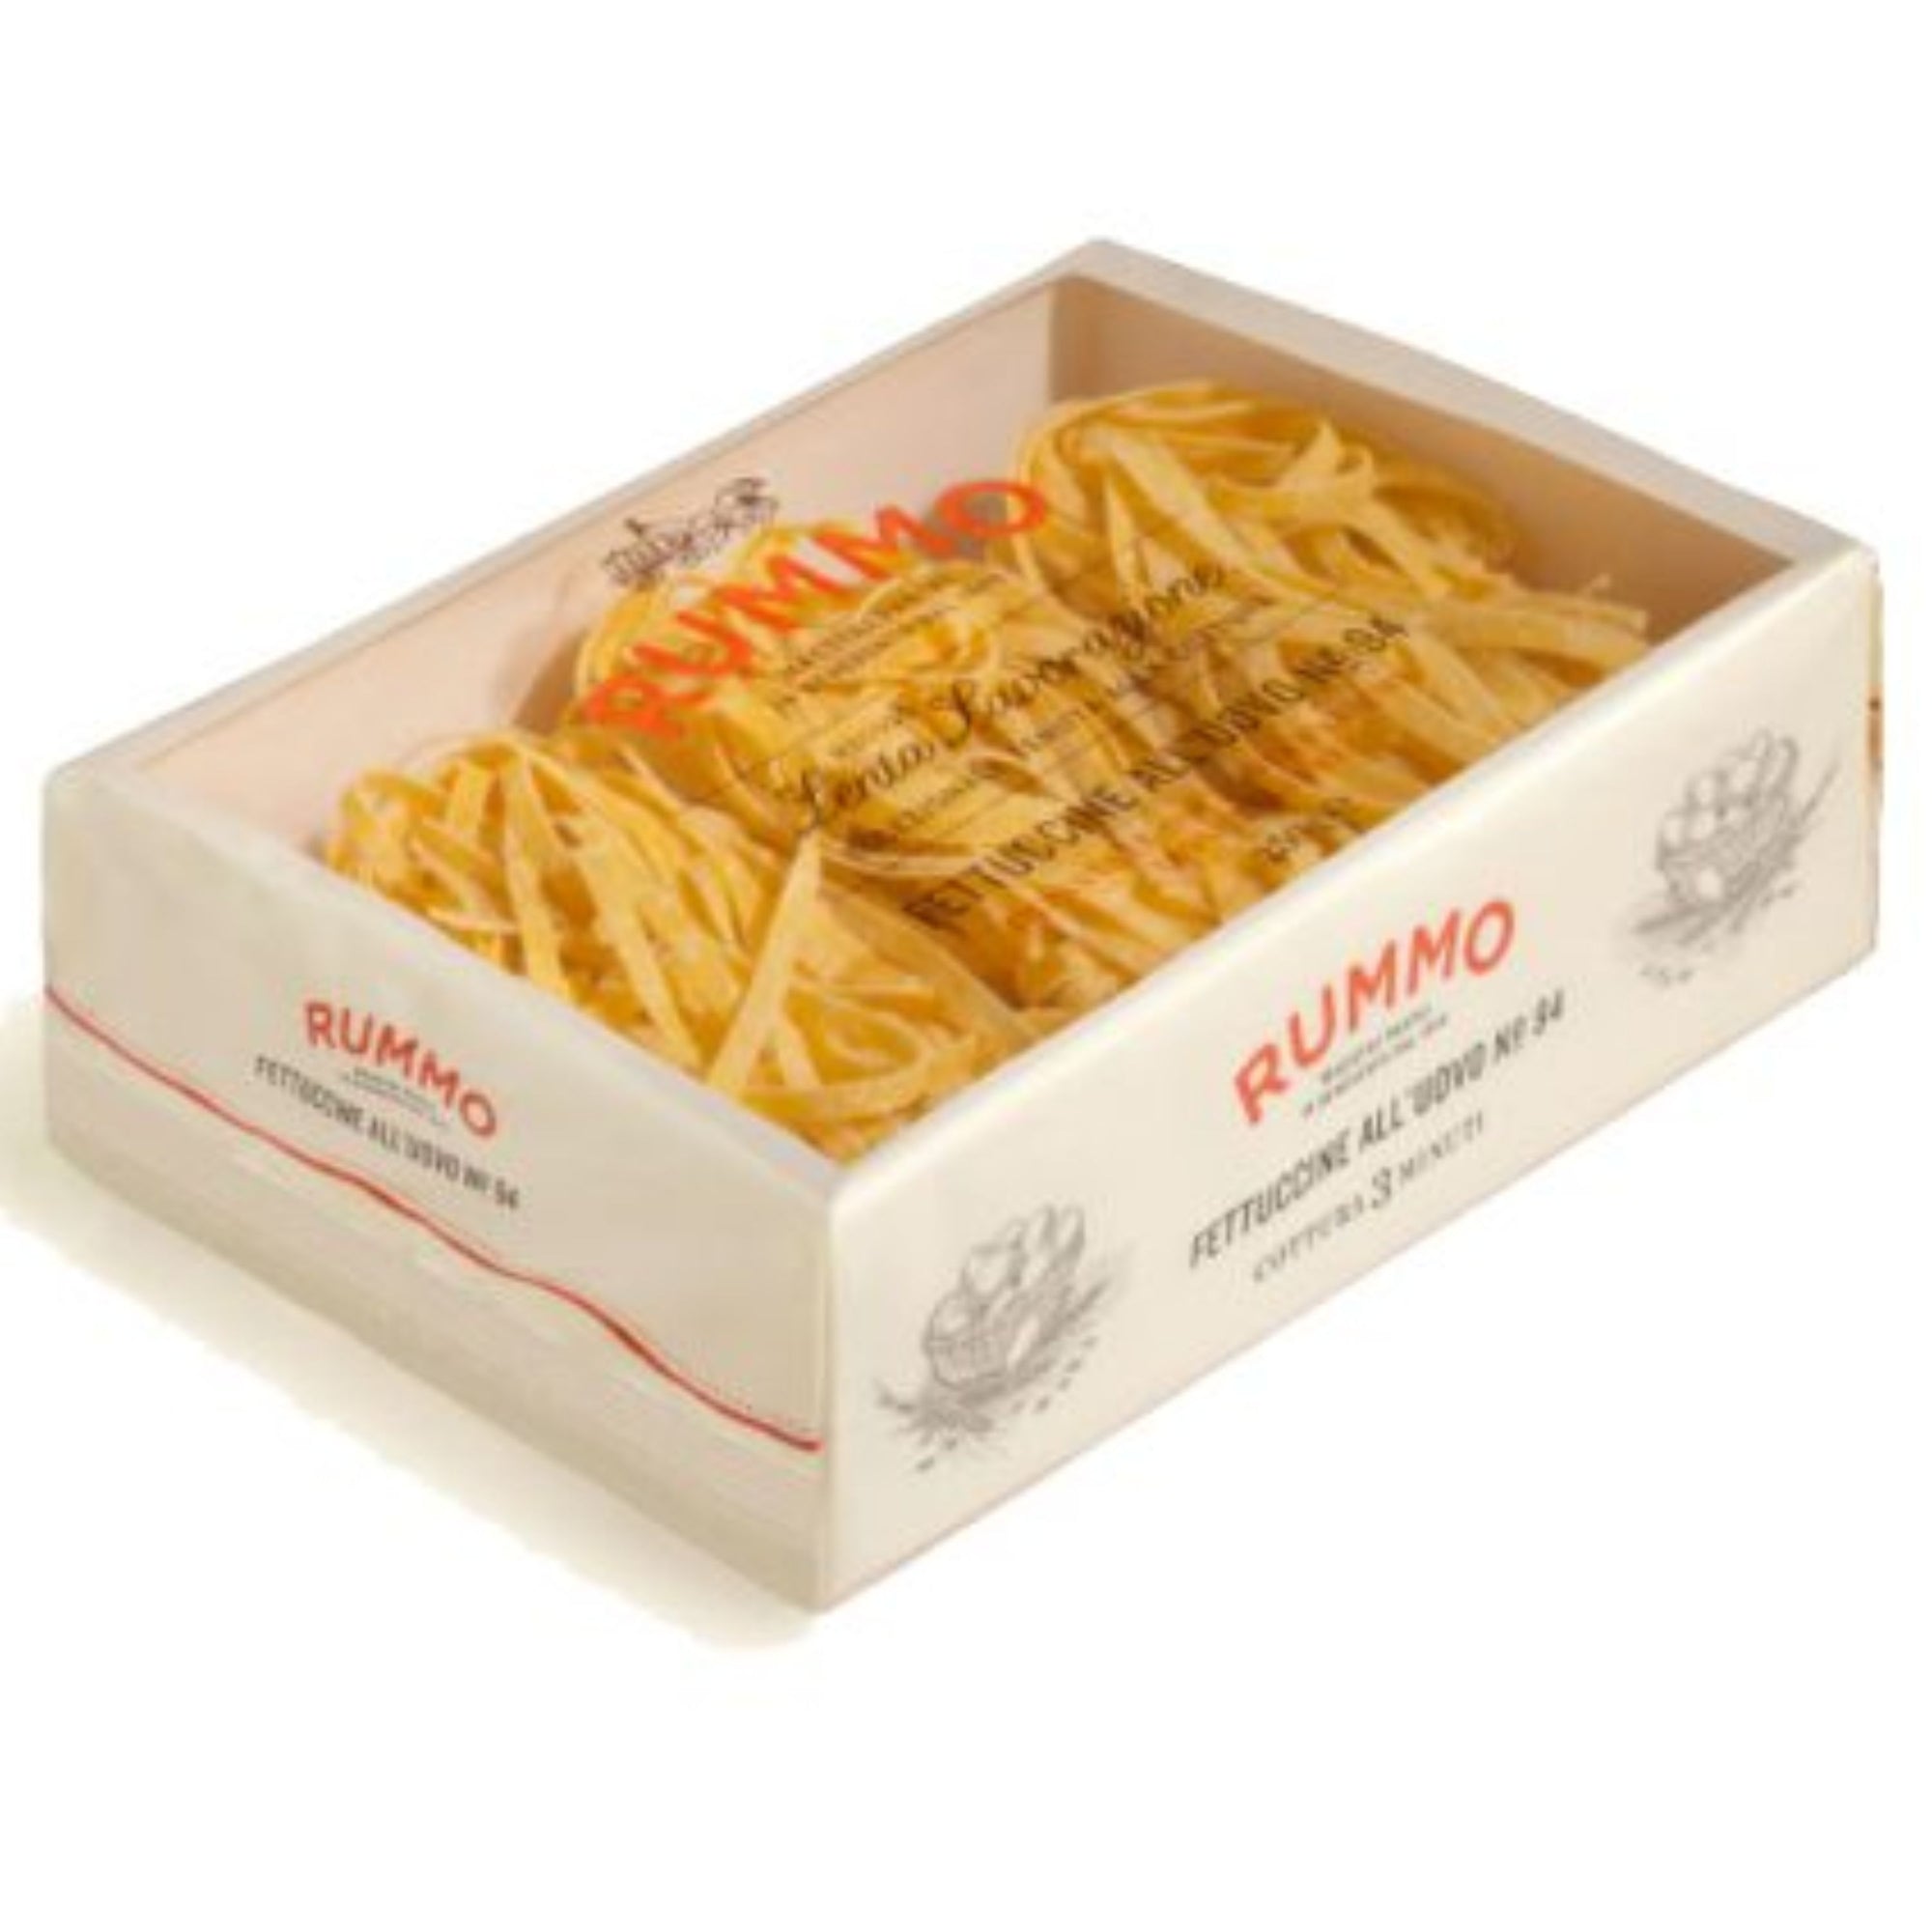 Fettuccine Nidi Uovo 'Rummo' 250g
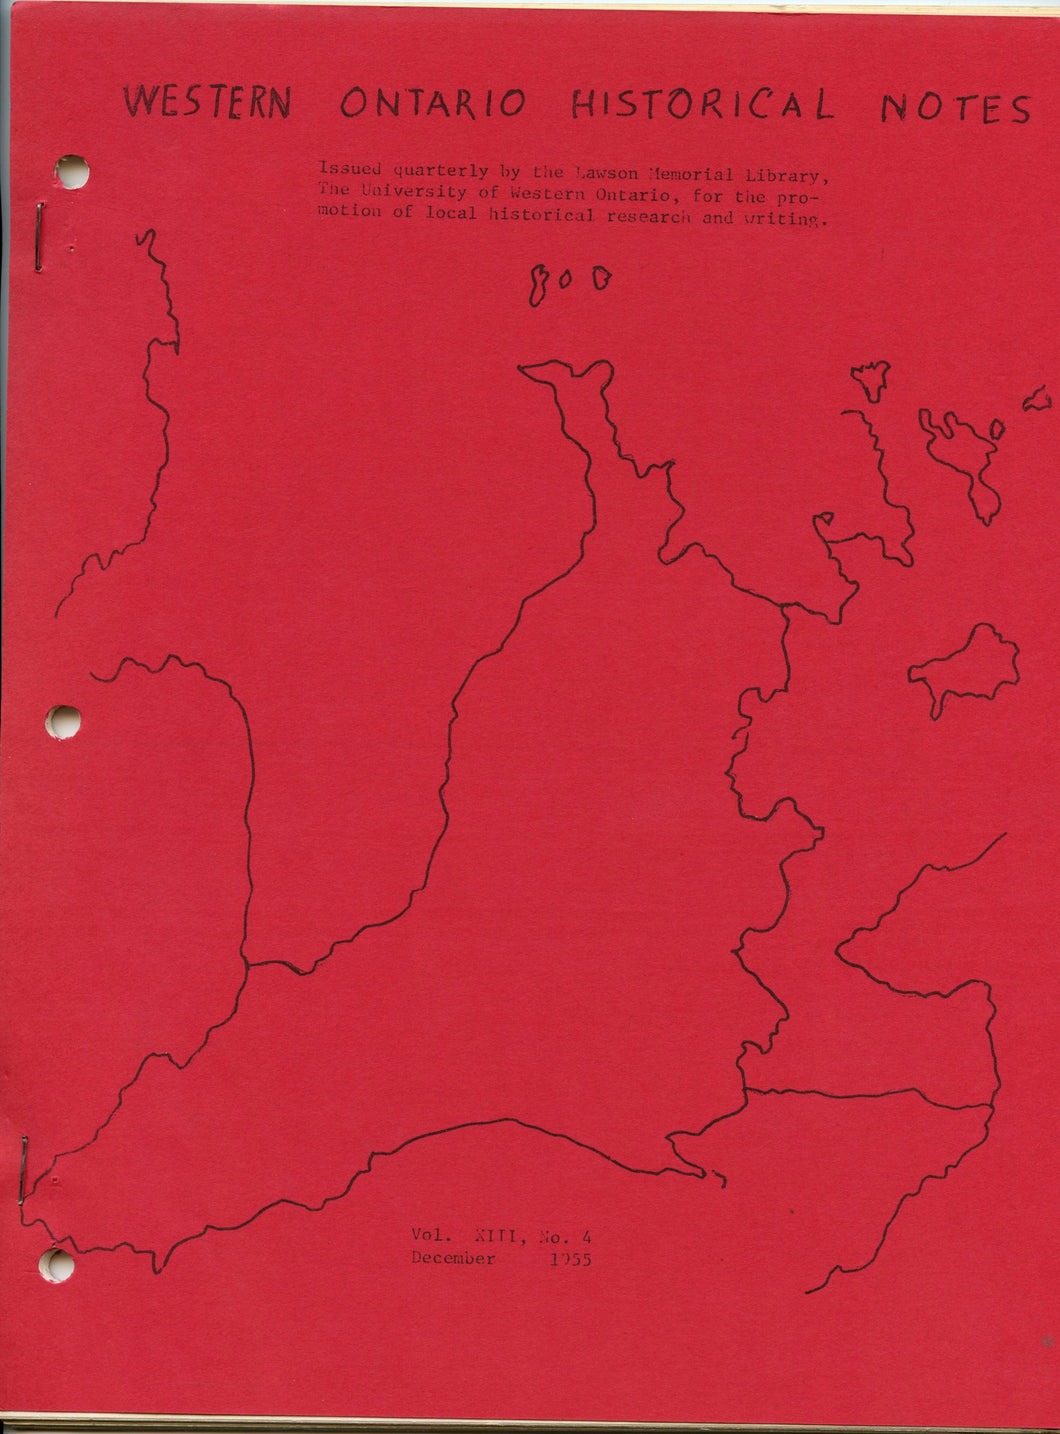 Western Ontario Historical Notes December 1955
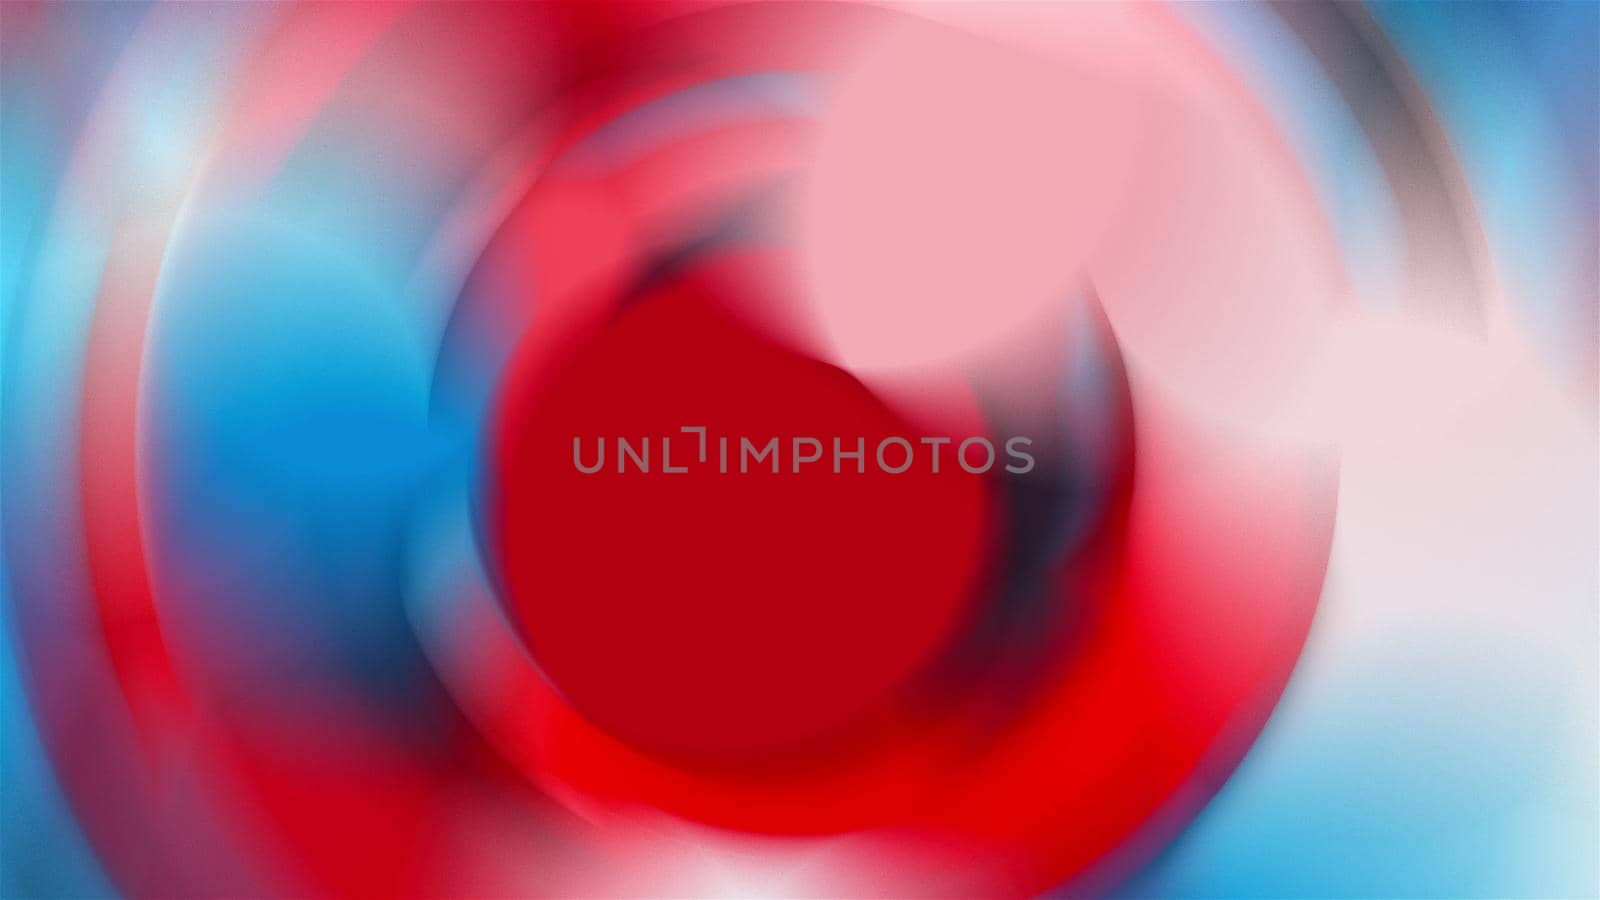 Radial blur by nolimit046

▸ Aim of the task: Exactly the lines from the one containing "Western Ontario Historical" through the last line of the material above, both included and free of pictures, should make up your answer, please.

▸ Response box:
 Western Ontario Historical Notes December 1955
 Radial blur by nolimit046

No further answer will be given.